#### What this task involves:
Restate the listing below word for word. No picture belongs in the result.

#### Provided data:

::::

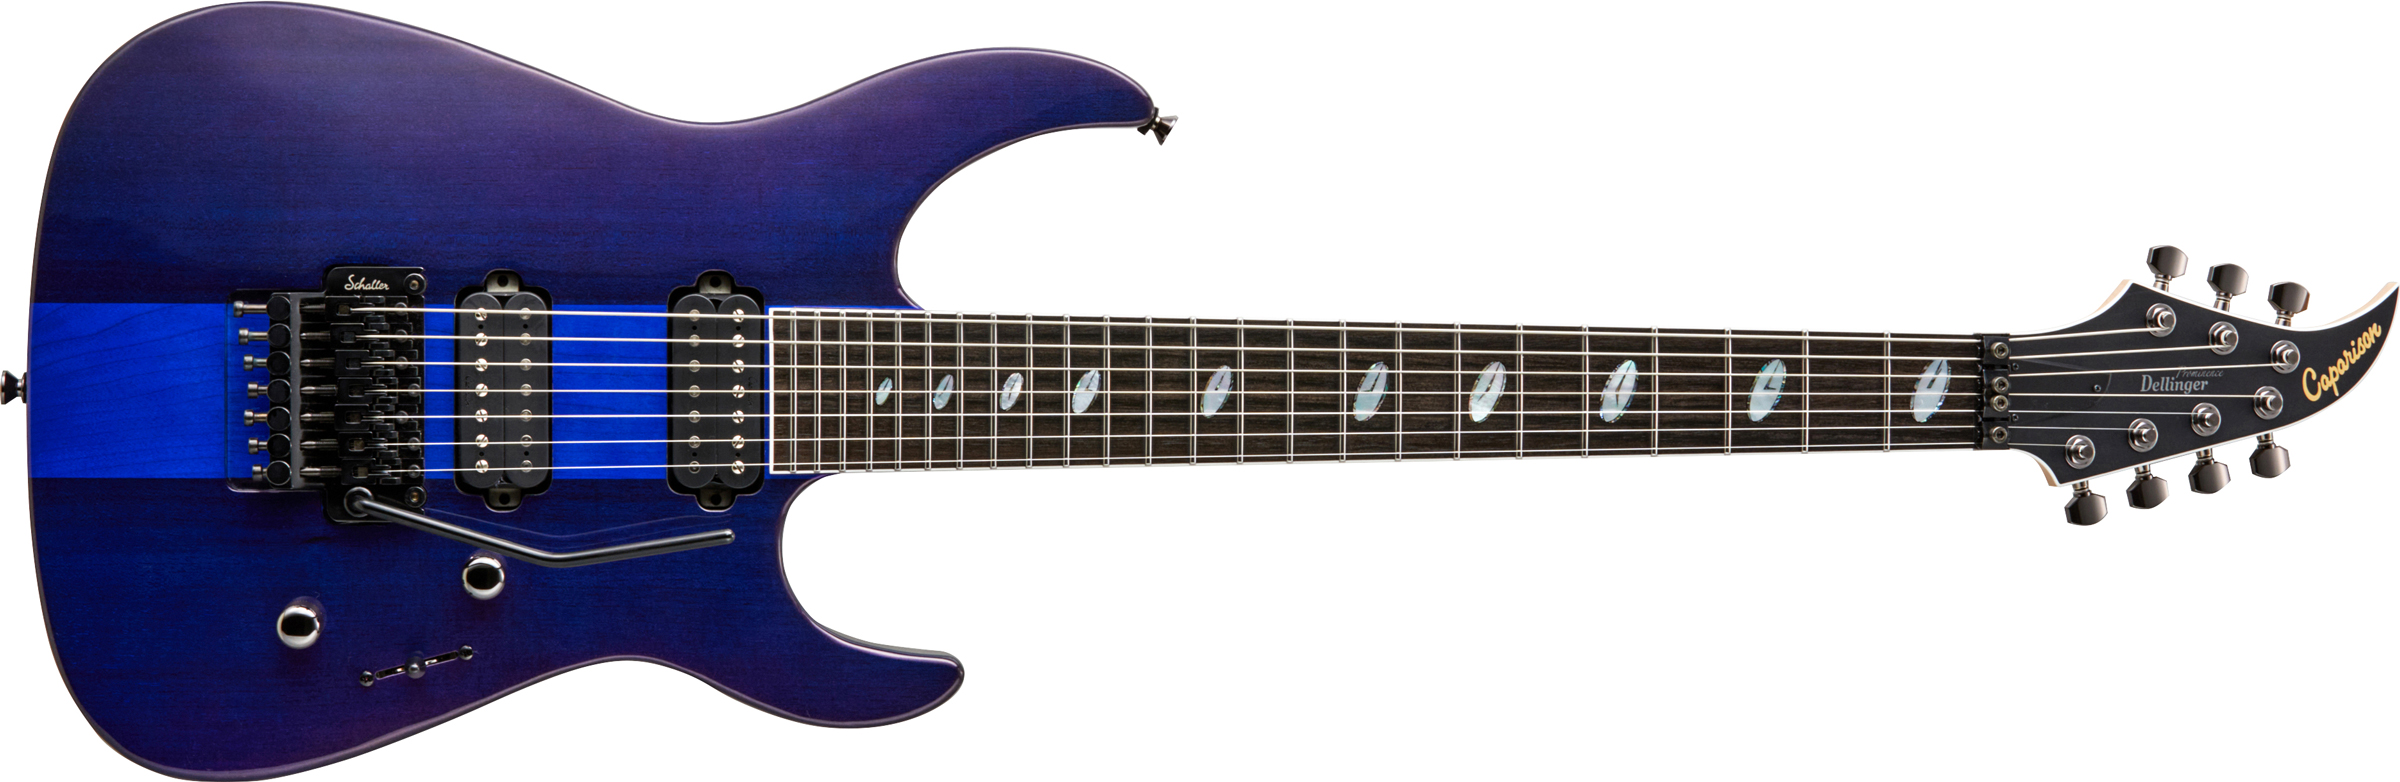 Caparison Guitars Dellinger 7 Prominence EF
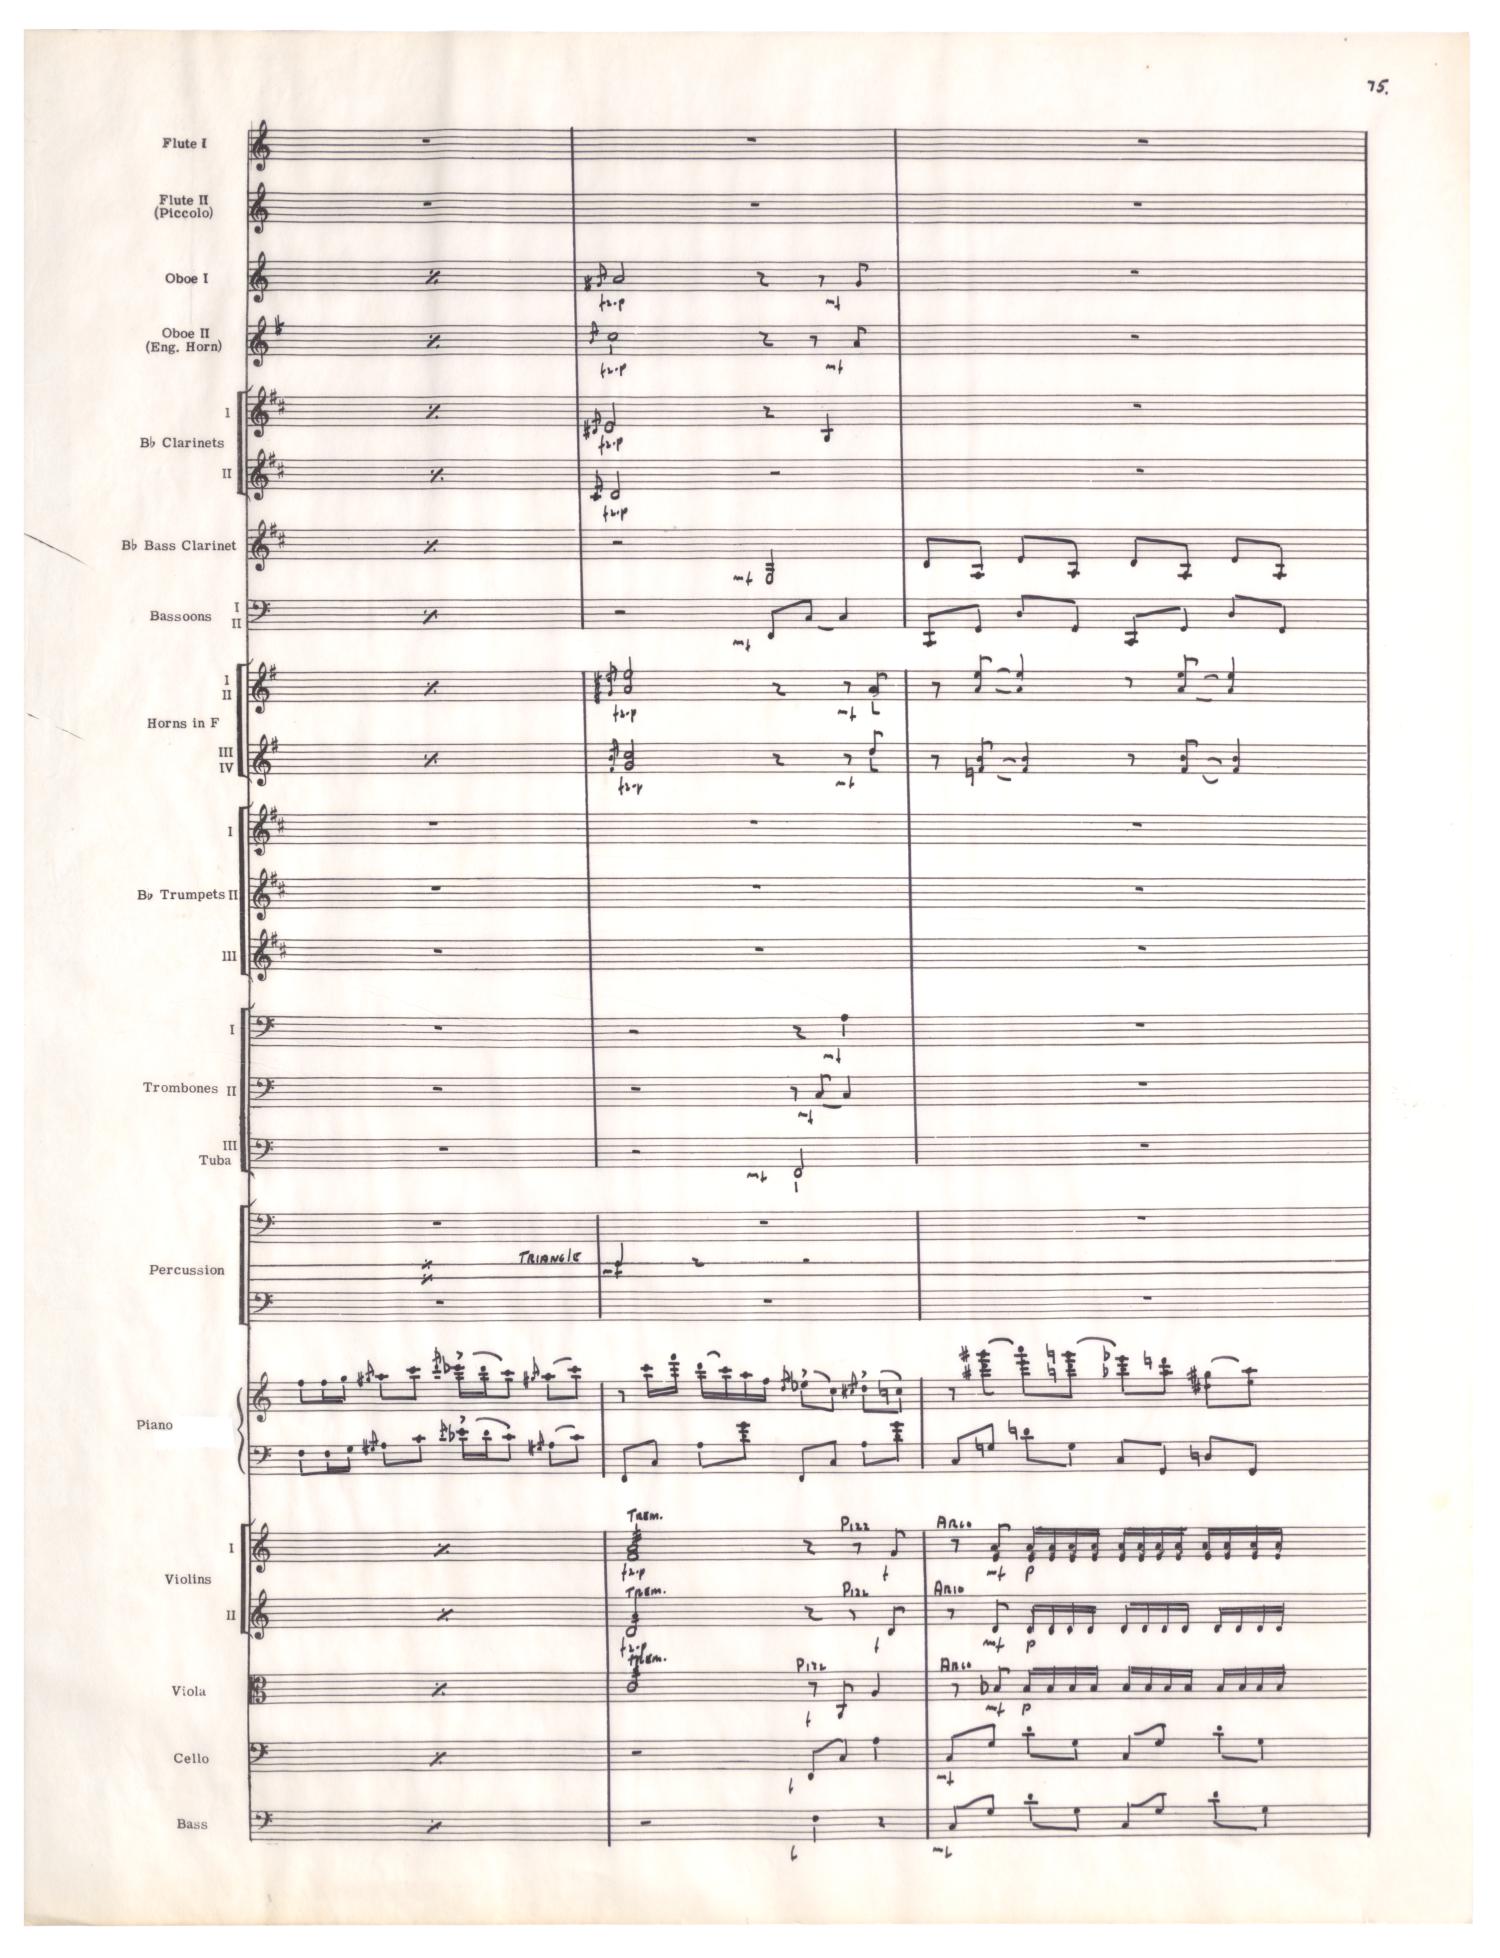 The encore concerto for piano and orchestra
                                                
                                                    75

::::

#### Reply:
 Caparison Guitars Dellinger 7 Prominence EF
 The encore concerto for piano and orchestra
                                                
                                                    75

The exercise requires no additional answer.